Newspaper article The Evening Standard (London, England)

The Human Search Engine

Newspaper article The Evening Standard (London, England)

The Human Search Engine

Article excerpt

Byline: Mark Prigg

FOR the man who describes his job as "being in charge of the world's search", Amit Singhal has a simple dream -- to built the Star Trek communicator he saw on his family's black-and-white TV while growing up in India.

Sitting inside Google's vast, sprawling headquarters in Mountain View, Silicon Valley, Amit is, despite 11 years at the search firm, still a man possessed. "I come in like a child in a candy store, I'm jumping up and down because I have this amazing team brimming with new ideas," he says.

"That team is doing such amazing science, and bringing me closer to my childhood dream -- how does it get any better?" Singhal's role at Google is simple -- he is the man in charge of search. When he arrived at the firm 11 years ago, following a spell at AT&T in New York, one of his first jobs was to rewrite the algorithm that powers Google's search engine.

"I came in and said 'I'm a search academic, why don't you let me practise that?' I didn't really read the Google code, and wrote a parallel version, telling them, 'This is how I would do it". That project was adopted as the core of Google's entire operation, and is still powering more than a billion searches carried out every day.

His job now includes overseeing nearconstant updates to the code, continually tweaking it to make life easier for users. "My original algorithm has become a foundation on which we have an even more beautiful building.

"When I built the original foundation it was the best house we knew how to build back then. We soon realised that we could add rooms to the house, we added a new fixture, a basement or other area. Meanwhile we are constantly trying to pull it down and try again, building foundations to try.

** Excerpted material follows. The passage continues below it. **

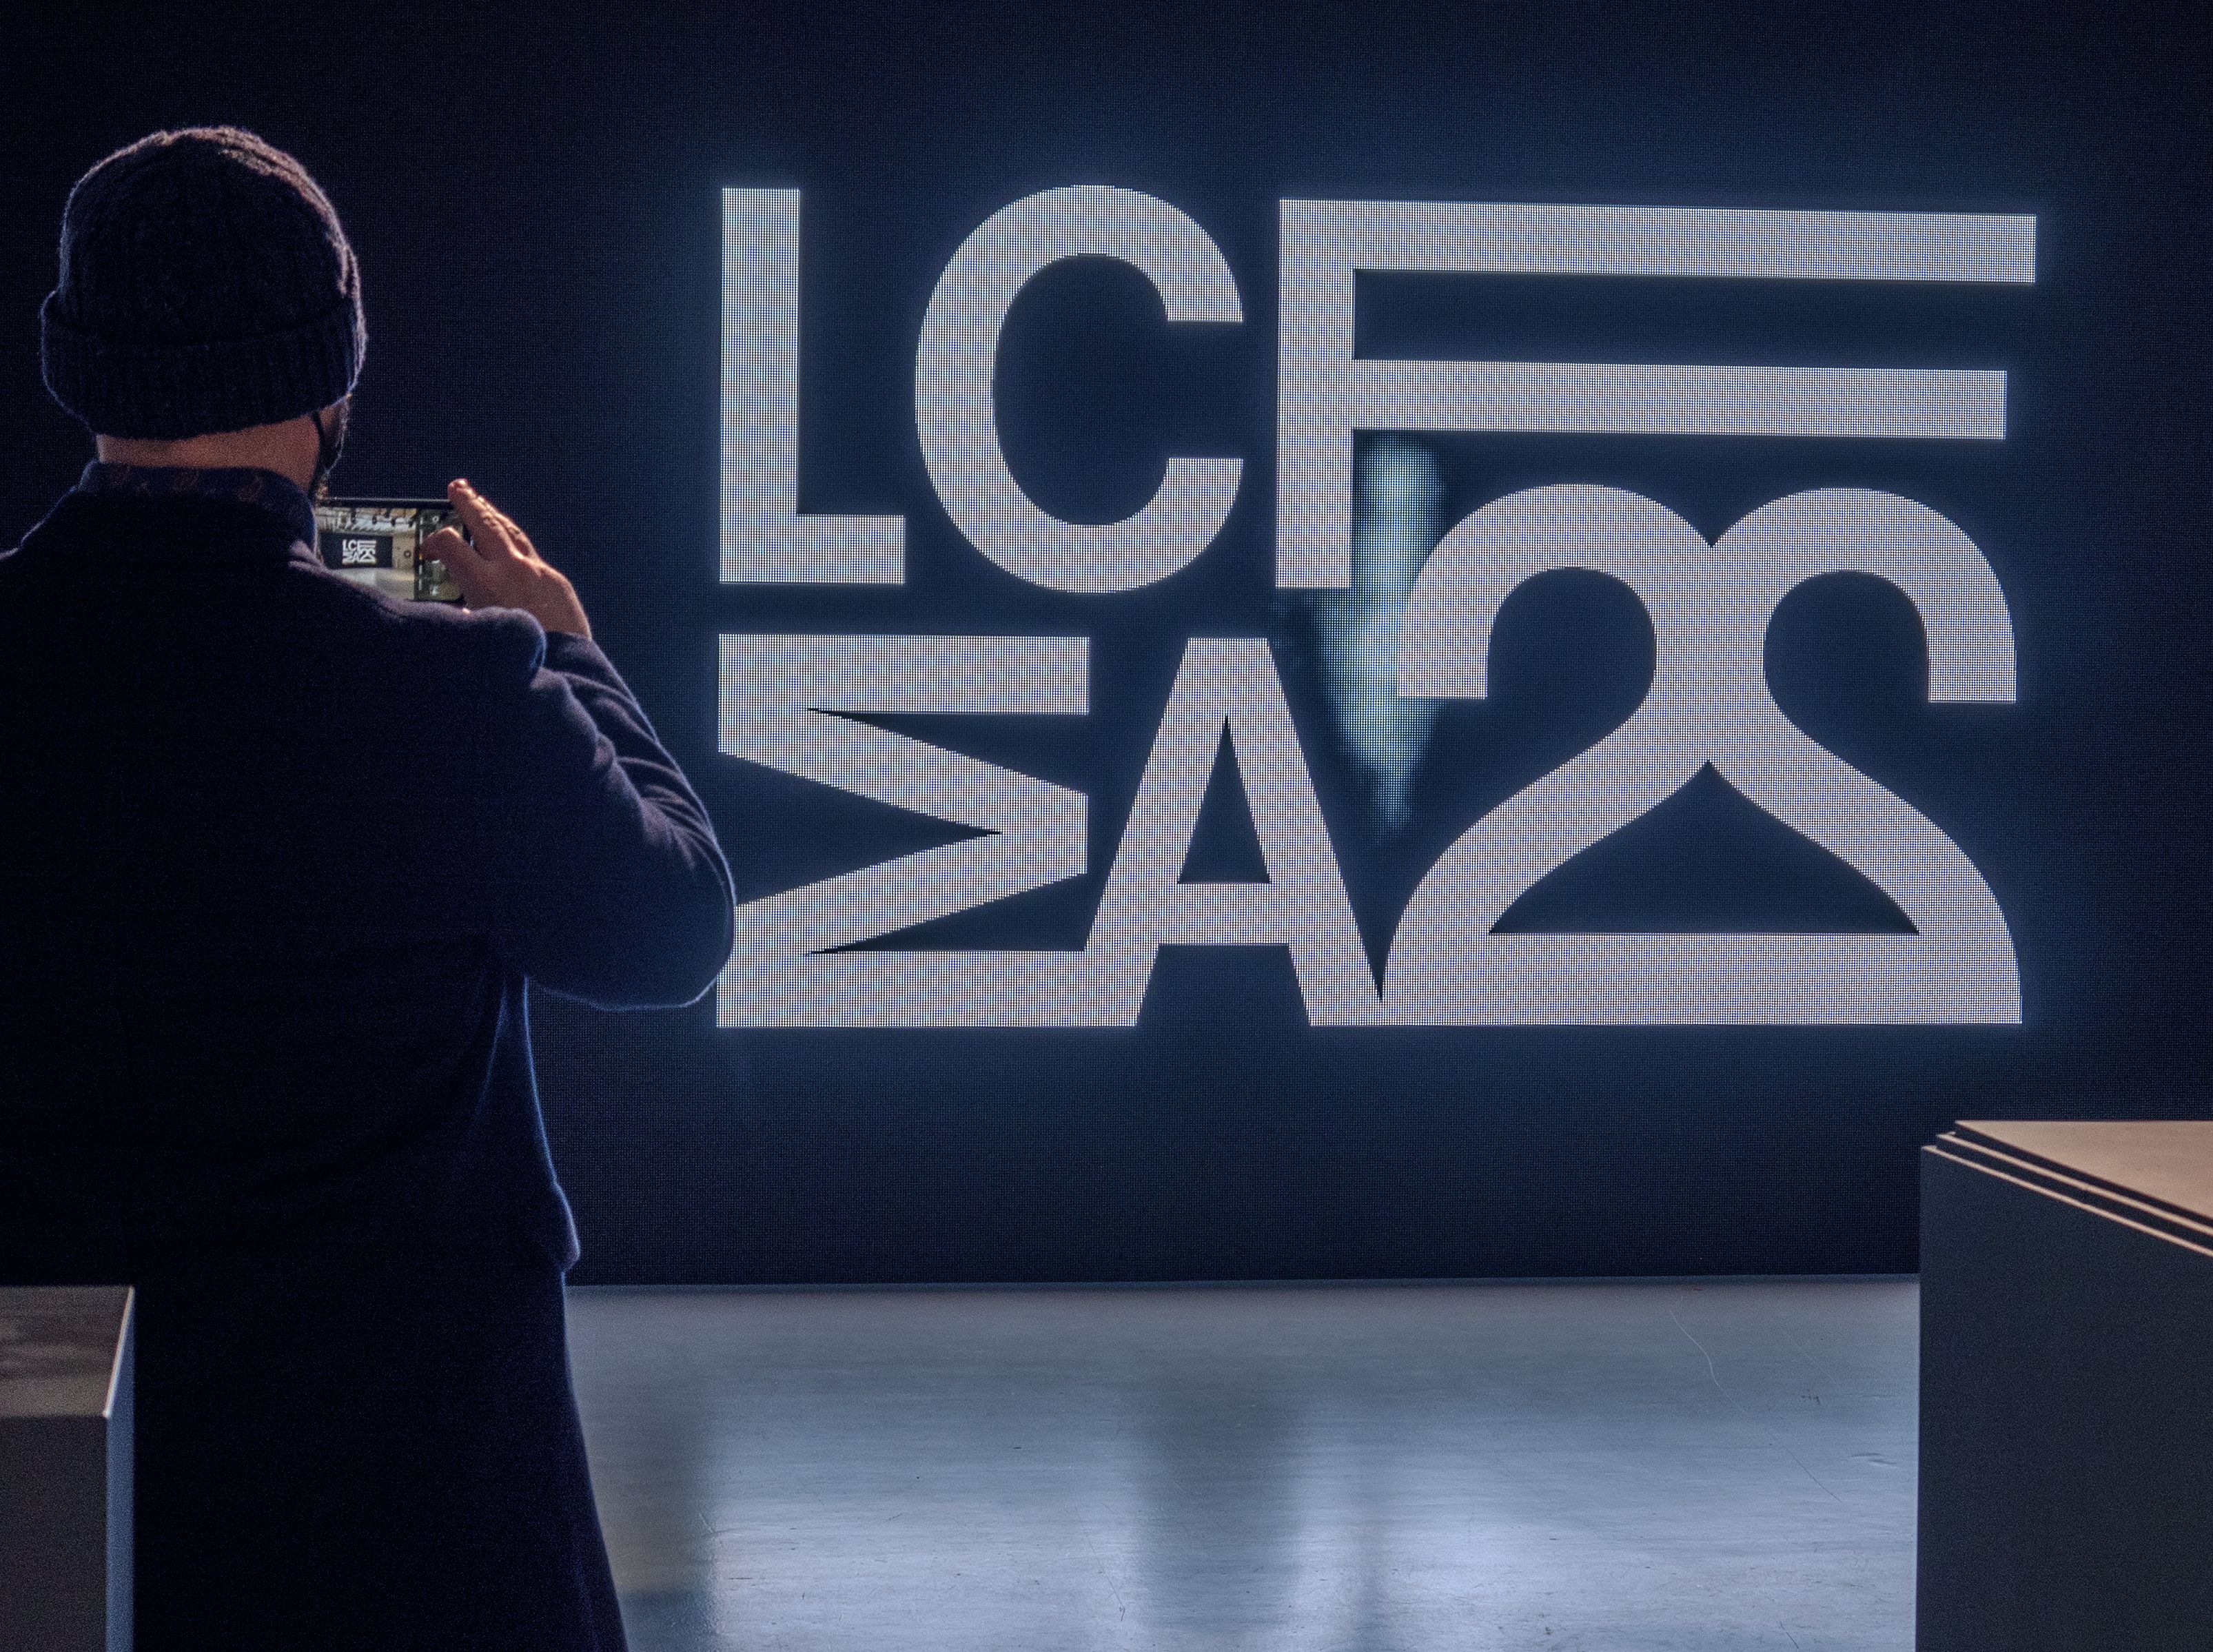 Digital screen of the LCFMA22 logo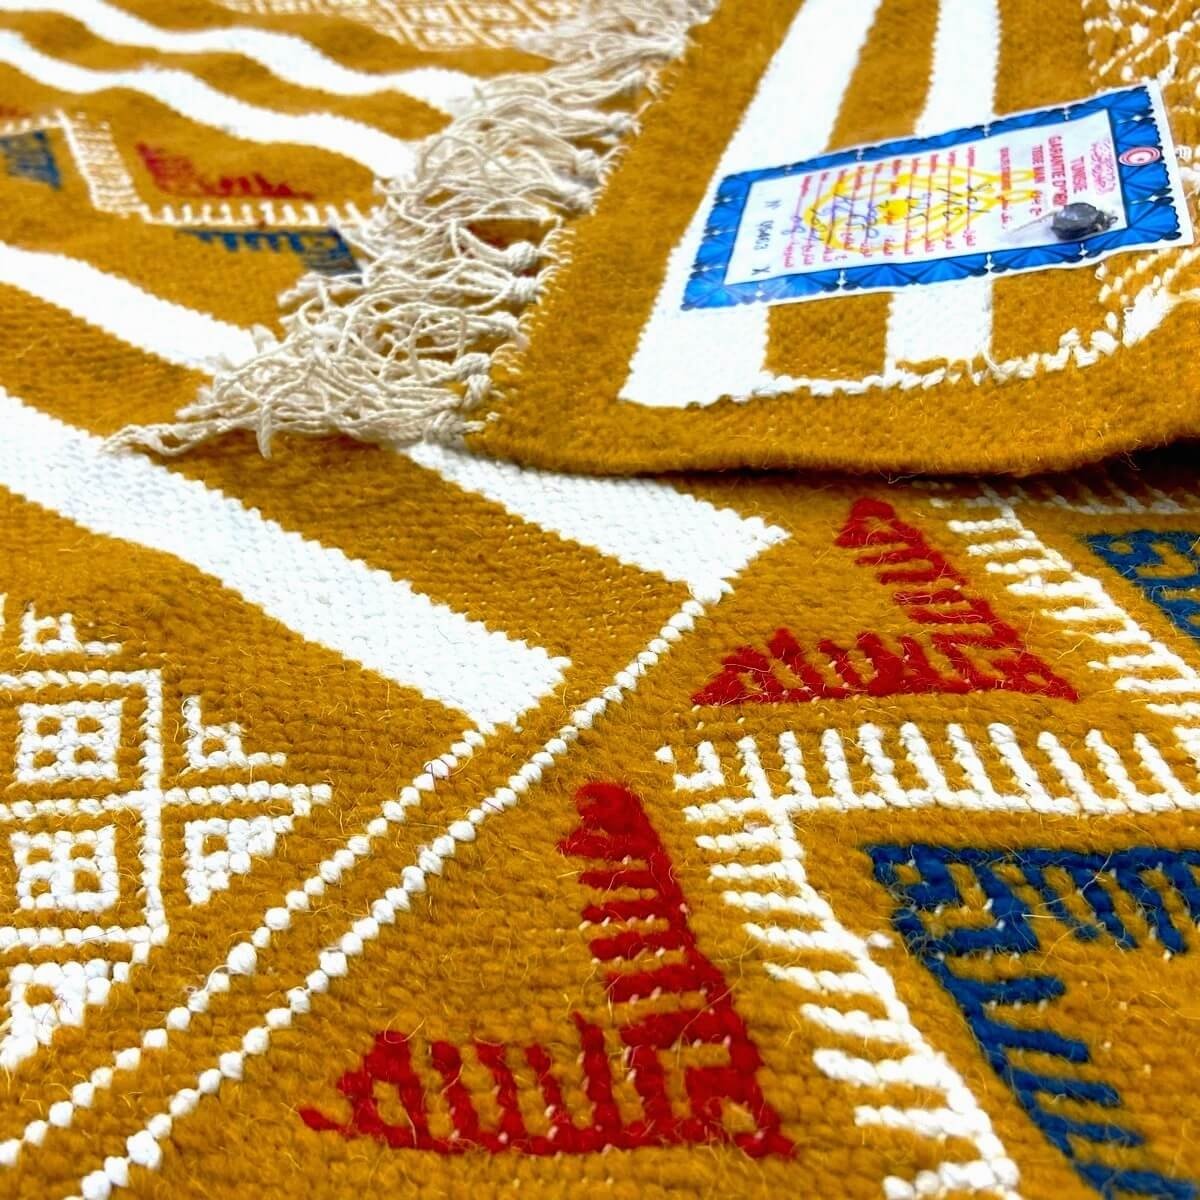 Berber tapijt Tapijt Kilim Tegiza 112x200 Geel/Wit (Handgeweven, Wol, Tunesië) Tunesisch kilimdeken, Marokkaanse stijl. Rechthoe

"We have the entire web in a sandbox that only our engineers can see, and our engineers can take their new algorithm and see it change millions of queries. If it works, we send it to testers, whom we pay, but we don't tell them what they are testing.

"If the tweaks are still deemed useful they are unleashed into the wild -- but only to some users.

"Then we take a tiny slice, one per cent of our users, and expose them to this change. We measure things such as where on the page they click, when they click higher -- that's good for us.

"That one per cent are not told but it's just an experimental algorithm, and the changes are potentially beneficial, so not hurting the user's experience. …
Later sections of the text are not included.